2. The method of claim 1, wherein said initial treatment period is from about ten days to about twenty days.

3. The method of claim 1, wherein said sustaining period is about one year.

4. The method of claim 1, wherein said pharmaceutical composition is in a form selected from the group consisting of powder, pill, capsule, tablet and liquid.

5. A method of reduction of a level of a prostate specific antigen (PSA) of a benign prostate condition consisting essentially of the steps of: (a) orally administering to a patient having an elevated prostate specific antigen due to a benign prostate condition an initial dosage of about 0.25 mg per pound of body weight of 13-cis-retinoic acid in a pharmaceutical composition for an initial treatment period, and (b) thereafter orally administering a sustaining dosage of about 0.25 mg per pound of body weight of 13-cis-retinoic acid in said pharmaceutical composition about every five to seven days in a sustaining period; wherein said pharmaceutical composition comprising said 13-cis-retinoic acid and a pharmaceutically acceptable medium.

6. The method of claim 5, wherein said initial treatment period is from about ten days to about twenty days.

7. The method of claim 6, wherein said sustaining period is about one year.

8. The method of claim 5, wherein said pharmaceutical composition is in a form selected from the group consisting of powder, pill, capsule, tablet and liquid.

9. A method for treating benign prostatic hyperplasia and reducing a level of a prostate specific antigen (PSA) of a benign prostate condition comprising the steps of: (a) treating a patient having benign prostatic hyperplasia or an elevated PSA due to a benign prostate condition with a conventional hormone treatment, and (b) orally administering to said patient a therapeutically effective amount of 13-cis-retinoic acid.

10. The method of claim 9, wherein said conventional hormone treatment is orally administrating a therapeutically effective amount of finasteride.

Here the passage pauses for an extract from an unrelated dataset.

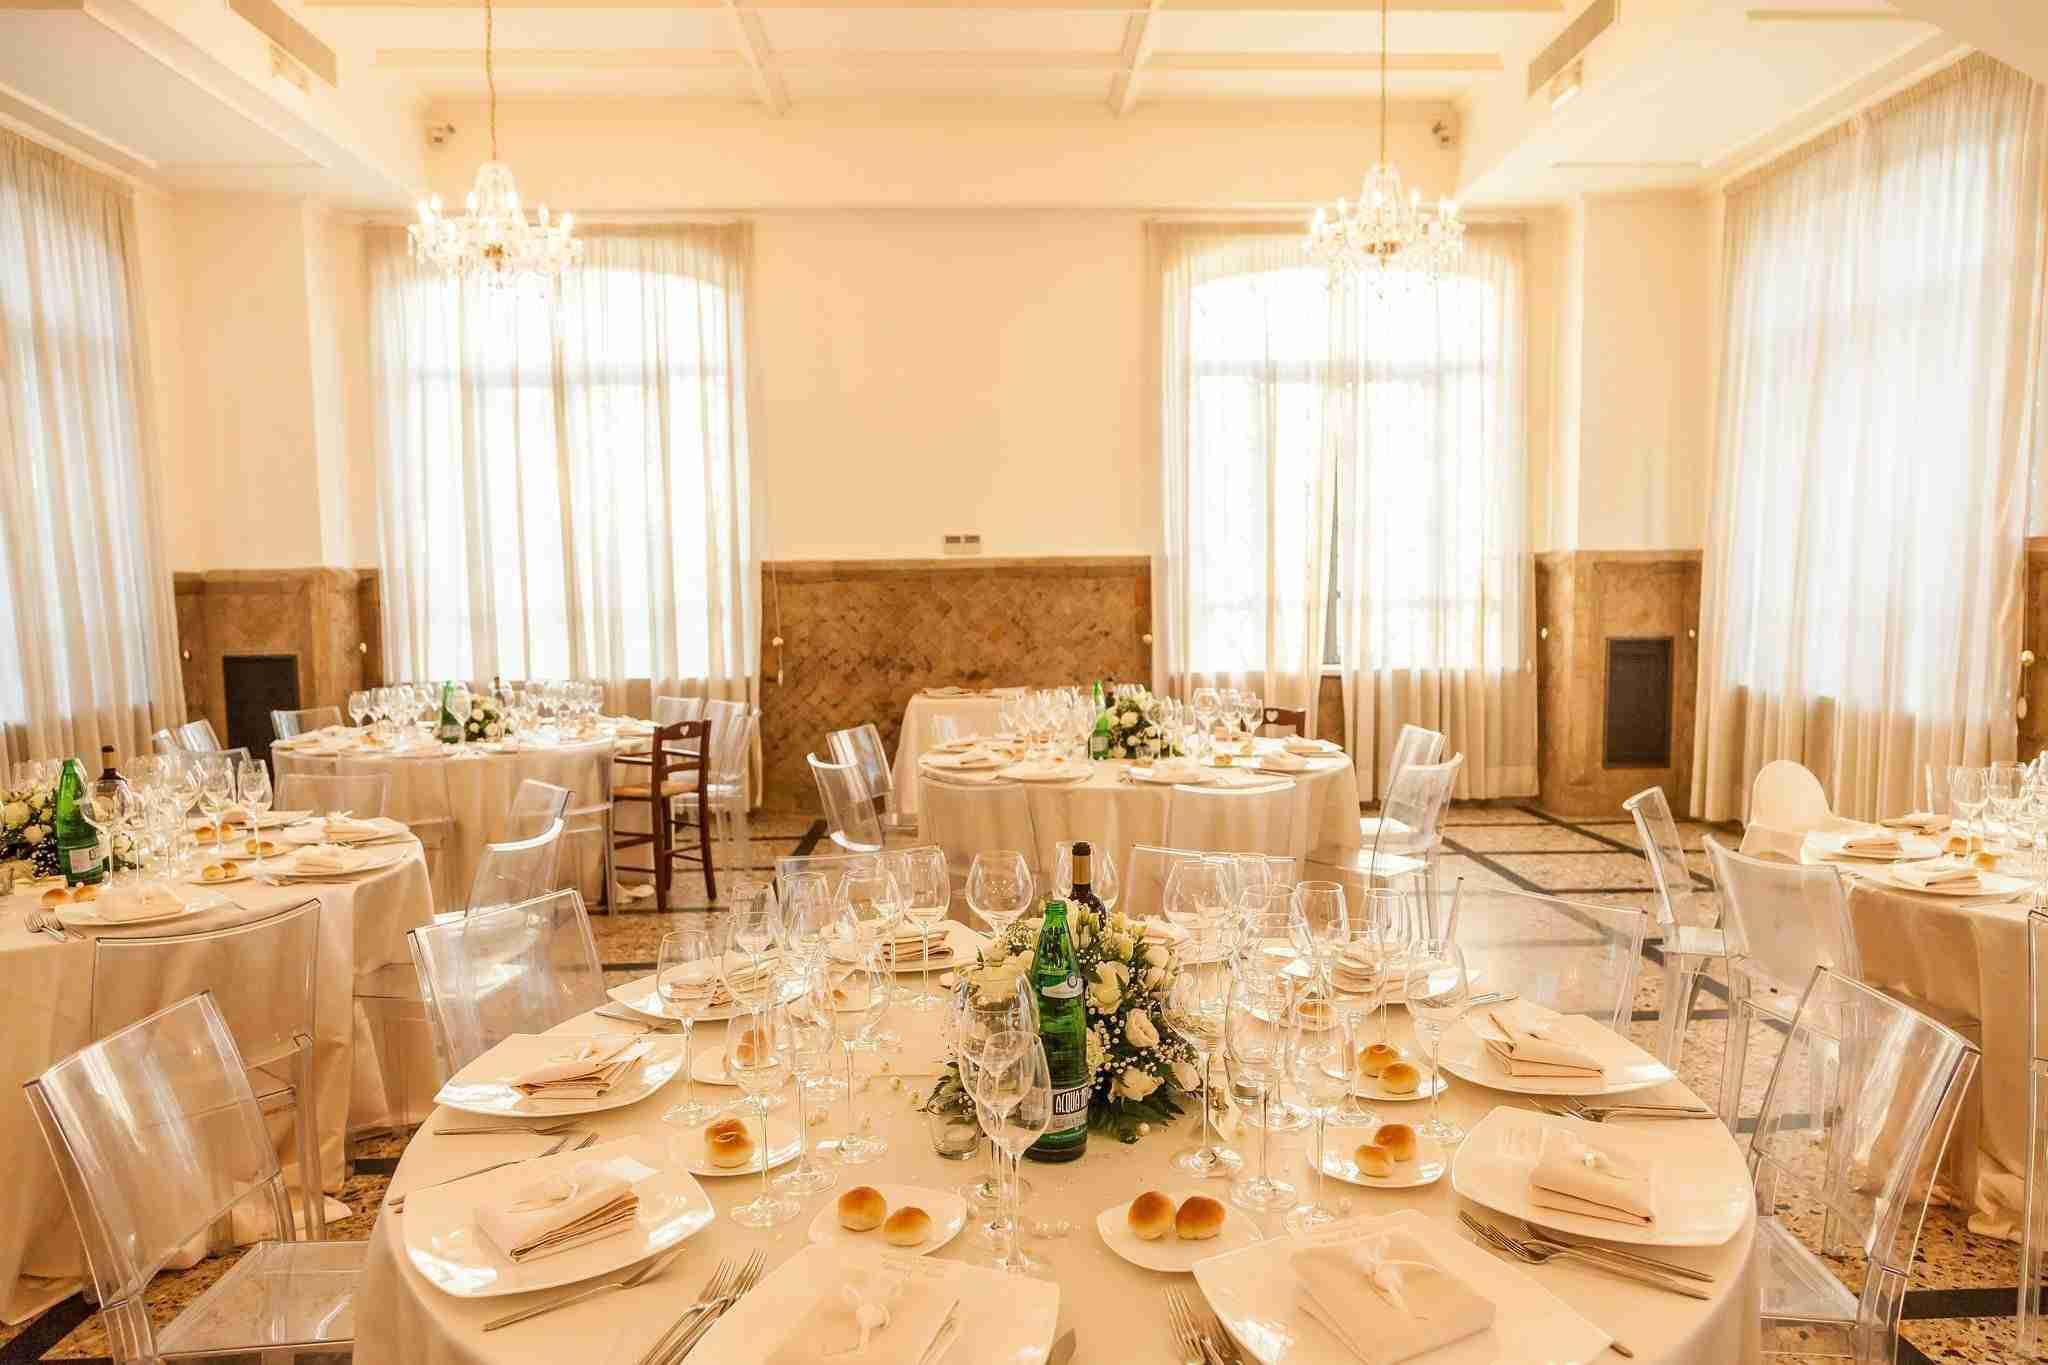 Matrimonio a Villa dei Cesari: Sala Ricevimento

11. The method of claim 9, wherein step (b) further comprises orally administering to said patient an initial dosage of about 0.25 mg per pound of body weight of 13-cis-retinoic acid for an initial treatment period, and thereafter orally administering a sustaining dosage of about 0.25 mg per pound of body weight of 13-cis-retinoic acid about every five to seven days in a sustaining period.

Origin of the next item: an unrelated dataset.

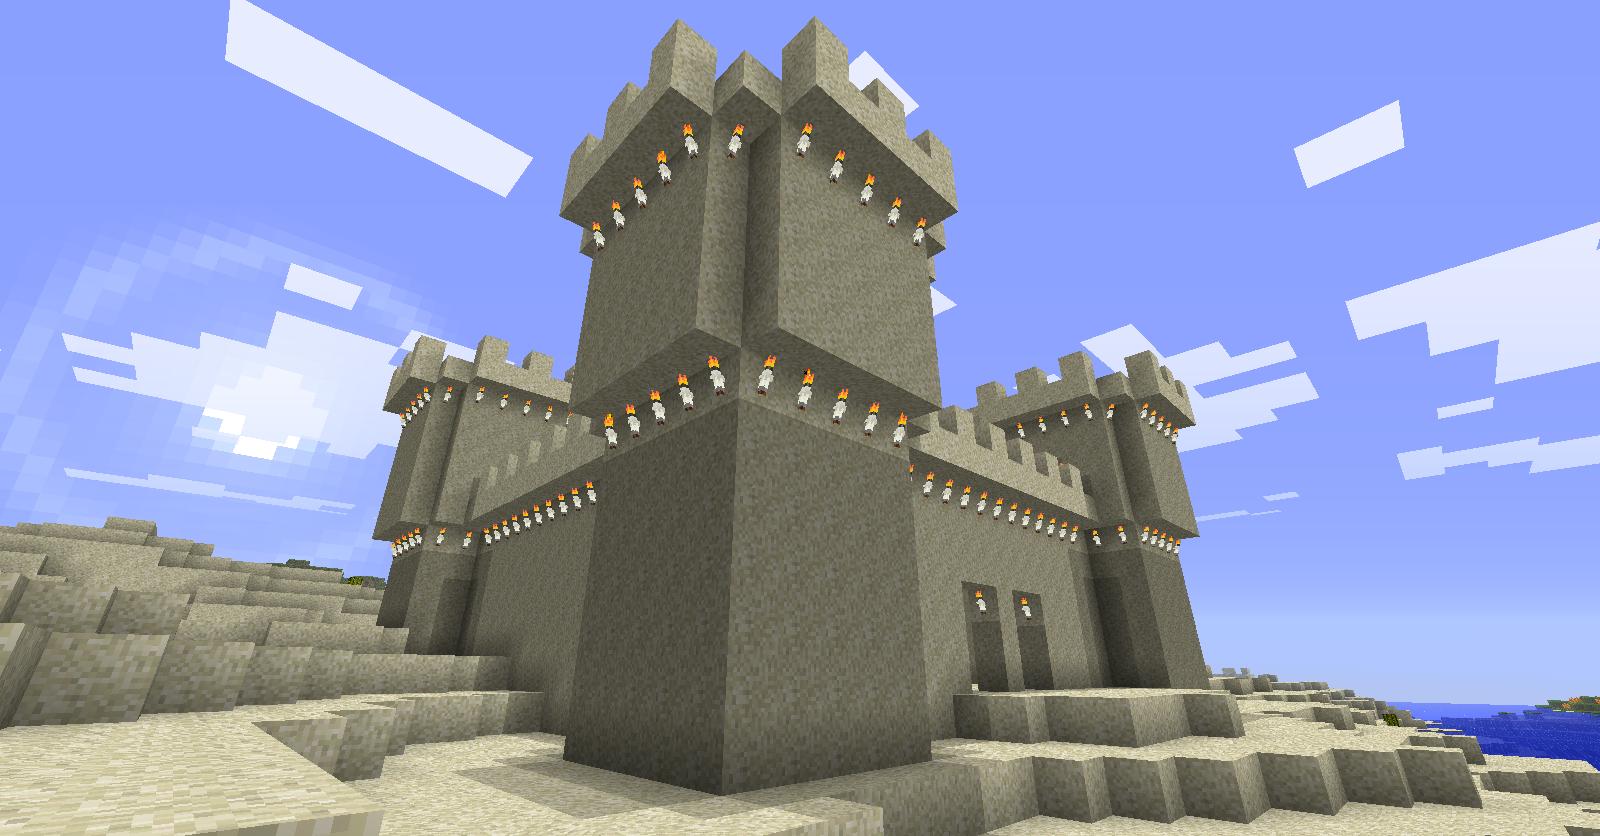 minecraft sand castle blueprints - Google Search   Build-Projects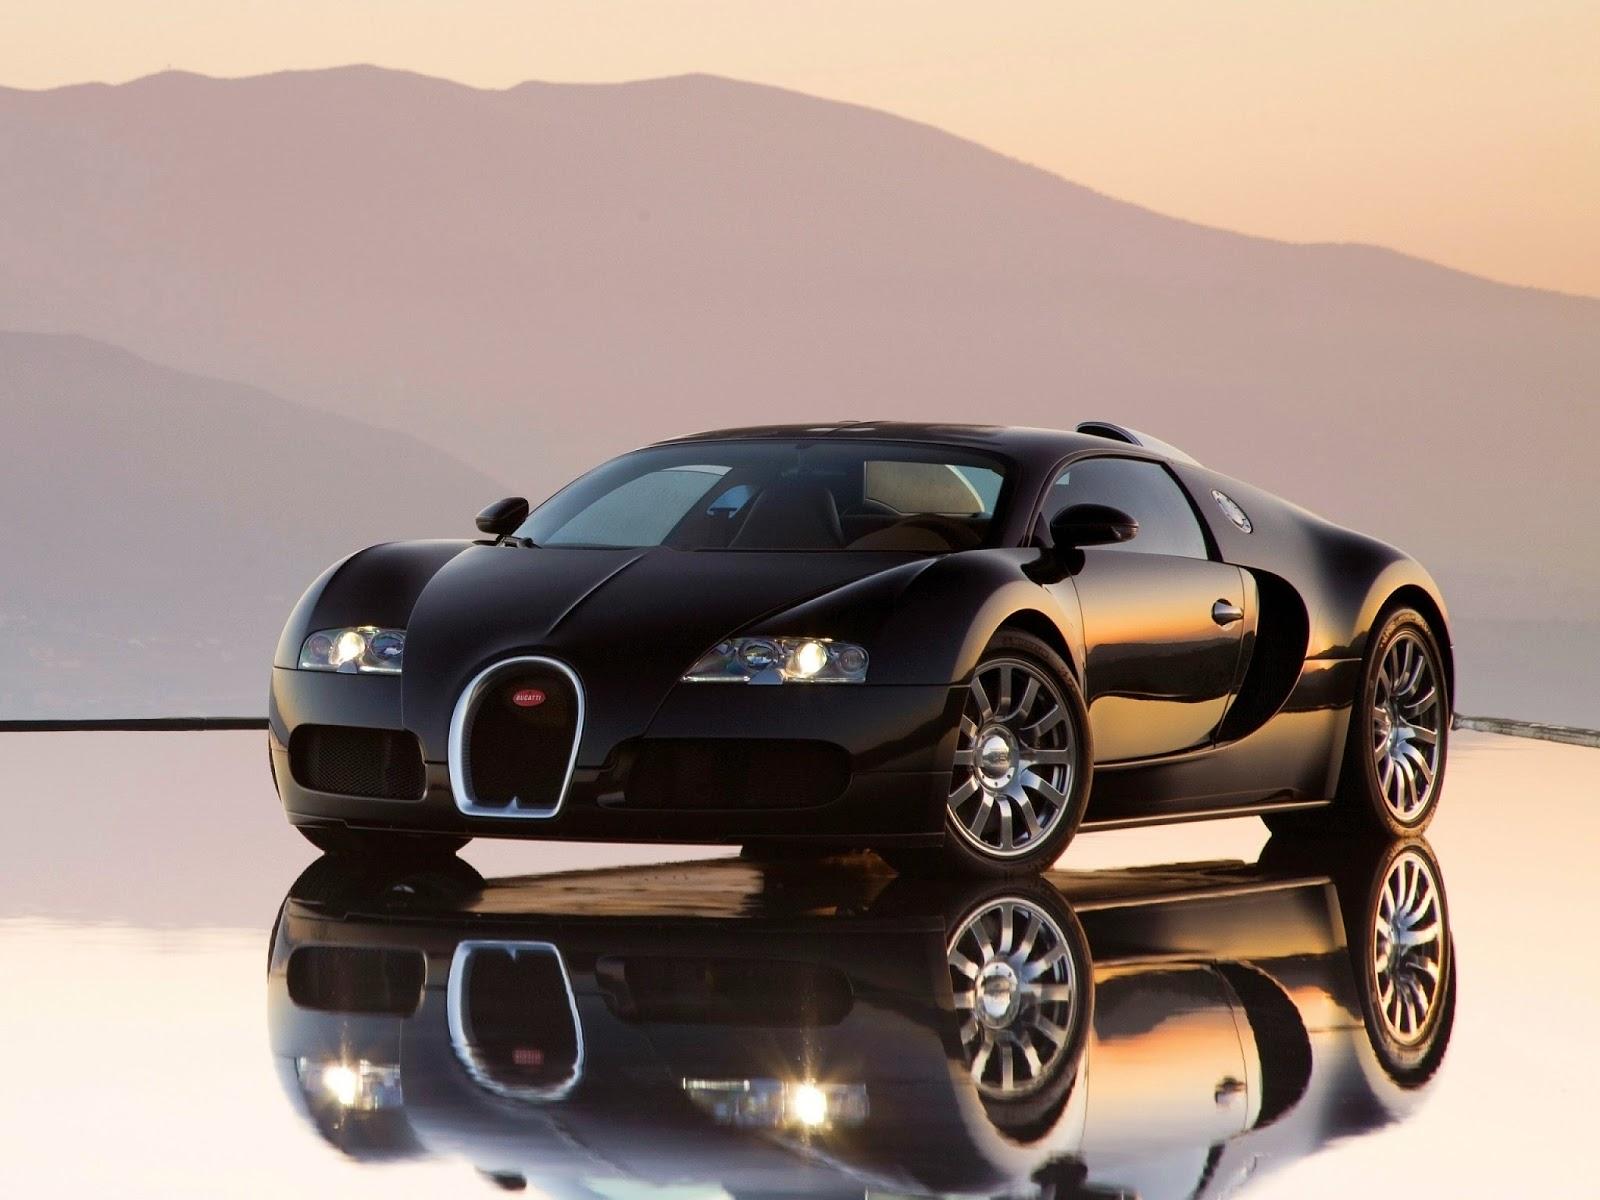 Beautiful Bugatti Veyron Www Topsimages Com

12. The method of claim 11, wherein said initial treatment period is from about ten days to about twenty days.

13. The method of claim 12, wherein said sustaining period is about one year.

14. The method of claim 9, wherein said 13-cis-retinoic acid is in a pharmaceutical composition comprising a pharmaceutical acceptable medium.

15. The method of claim 14, wherein said pharmaceutical composition is in a form selected from the group consisting of powder, pill, capsule, tablet and liquid.